Je vais aborder dès maintenant l’un des points soulevés par le gouvernement pour défendre le processus dans lequel nous sommes engagés en ce qui concerne ce projet de loi d’exécution du budget, qui compte plus de 400 pages et au-delà de 700 dispositions visant à abroger complètement ou à modifier grandement 70 lois du Parlement. Jamais n’a-t-on vu un projet de loi de cette envergure et ayant une telle portée dans l’histoire du Parlement. C’est notre avis et celui des spécialistes qui observent ce qui se passe ici depuis de nombreuses années. Par conséquent, nous devons rejeter l’idée selon laquelle le gouvernement croit que les Canadiens et les parlementaires ont réussi à comprendre le contenu de la mesure législative parce qu’elle a fait l’objet de plusieurs heures de débat dans cette enceinte et au comité. Pour être franc, ce n’est pas le cas. Il est à peu près impossible de comprendre toutes les répercussions associées à ce projet de loi, car le gouvernement retient certains éléments d’information. D’ailleurs, nous attirerons votre attention sur cette question au cours des prochains jours.
Le premier point soulevé par la députée de Saanich—Gulf Islands est que le projet de loi n’a pas de thème central et qu’il est donc irrecevable ou nuisible pour le Parlement et la démocratie parlementaire.
Le deuxième point qu’elle a soulevé est le fait qu’il existe peu de liens, voire aucun, entre le budget lui-même et ce que le gouvernement a appelé loi d’exécution du budget. Tous les Canadiens qui ne connaissent pas aussi bien le fonctionnement de la Chambre que les députés et qui discutent de la situation pourraient supposer qu’une loi d’exécution du budget est explicitement liée au budget de par son nom et sa forme. Or, la loi d’exécution du budget comporte de nombreux éléments de politique gouvernementale qui ne sont même pas mentionnés dans le budget. Je pense par exemple au fait que le Canada se retire du protocole de Kyoto. Il n’en est pas du tout question dans le budget, et on n’y mentionne pas non plus un seul des aspects de la politique sur les changements climatiques ou quoi ce soit qui est lié à cette loi du Parlement en particulier, et pourtant, quelques lignes de la loi d’exécution du budget portent sur le retrait du Canada de ce traité international.
Outre le fait que l’on soit d’accord ou non avec les intentions du gouvernement en ce qui concerne les changements climatiques et son inaction à cet égard, il convient de souligner qu’un projet de loi d’exécution du budget qui prévoit toutes sortes de mesures n’ayant rien à voir avec le budget en tant que tel n’est lié au budget qu’en raison de son titre. En l’occurrence, le gouvernement inscrit dans le projet de loi un certain nombre d’initiatives, de politiques et de nouvelles orientations qui devraient être distinctes et séparées les unes des autres pour que les députés et la population canadienne puissent en discuter.

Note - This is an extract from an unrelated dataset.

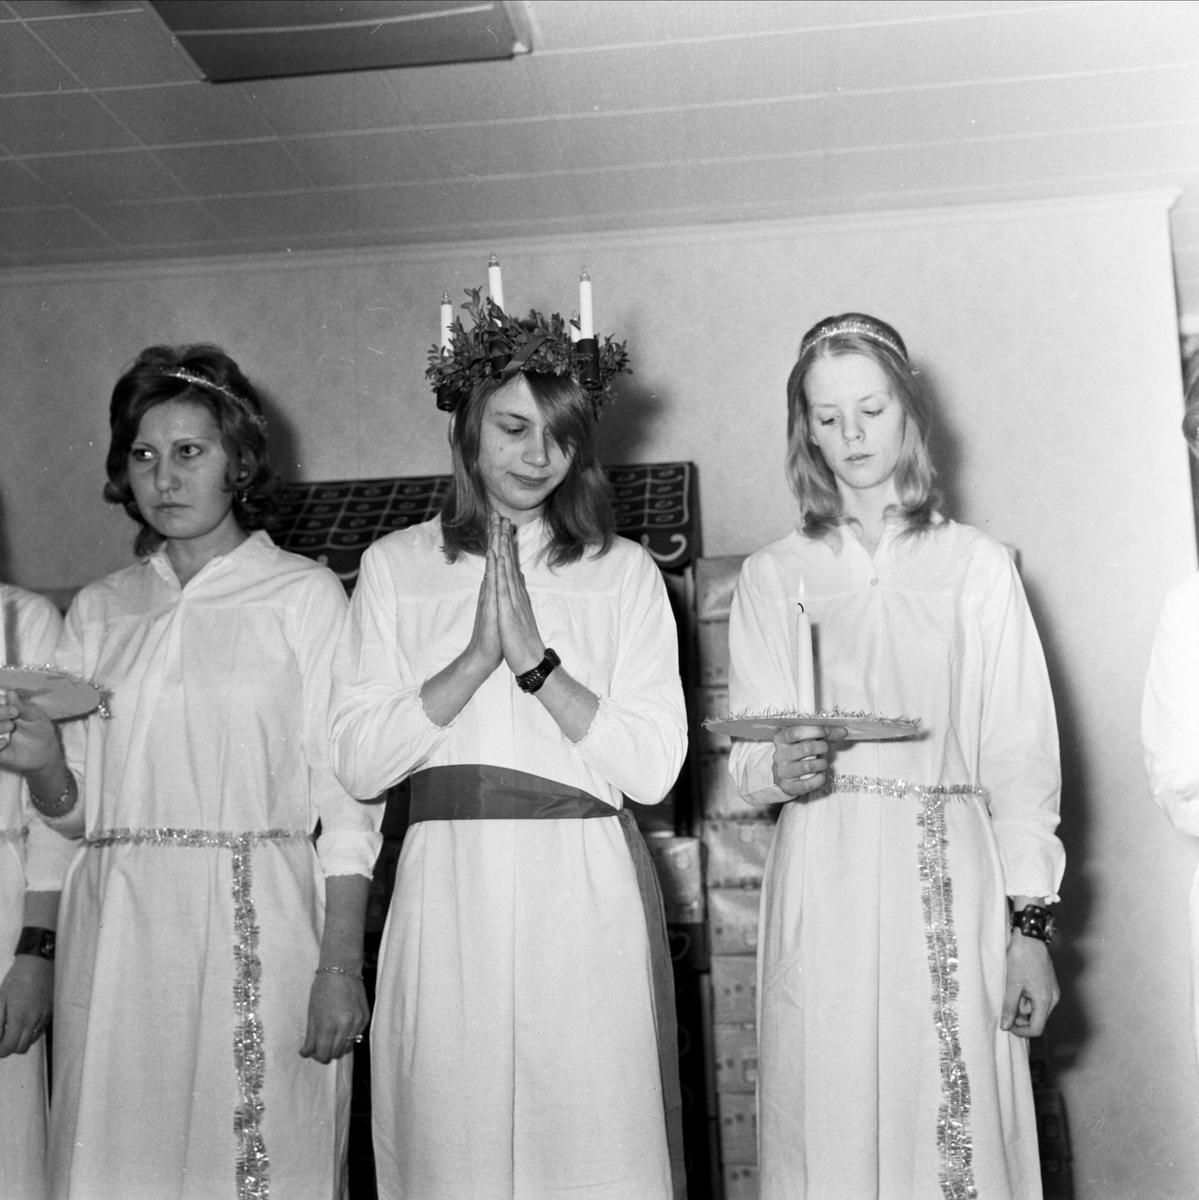 Luciatåg på Pricks Bagerier AB:s julfest, Tierp, Uppland 1973

L’intervention de ma collègue qui siège à l’autre bout de la Chambre laisse entendre que, pour que les députés soient en mesure de faire leur travail, ils doivent pouvoir, en toute conscience, demander des comptes au gouvernement. Dans son troisième point, elle a fait valoir que le projet de loi n’était pas prêt et qu’il était bancal. Elle a fait un certain nombre d’interventions à ce sujet, mais j’en parlerai peu.
Pour ce qui est de votre rôle, monsieur le Président, en fin de compte, vous agissez en tant qu’arbitre dans cette enceinte et en tant que défenseur des privilèges des députés, et de leurs efforts pour remplir les fonctions pour lesquelles les Canadiens les ont envoyés au Parlement, à savoir demander des comptes au gouvernement. Ce rôle n’incombe pas uniquement à l’opposition; il revient aussi aux députés ministériels de l’assumer. Ils sont eux aussi tenus de demander des comptes au gouvernement en tout temps.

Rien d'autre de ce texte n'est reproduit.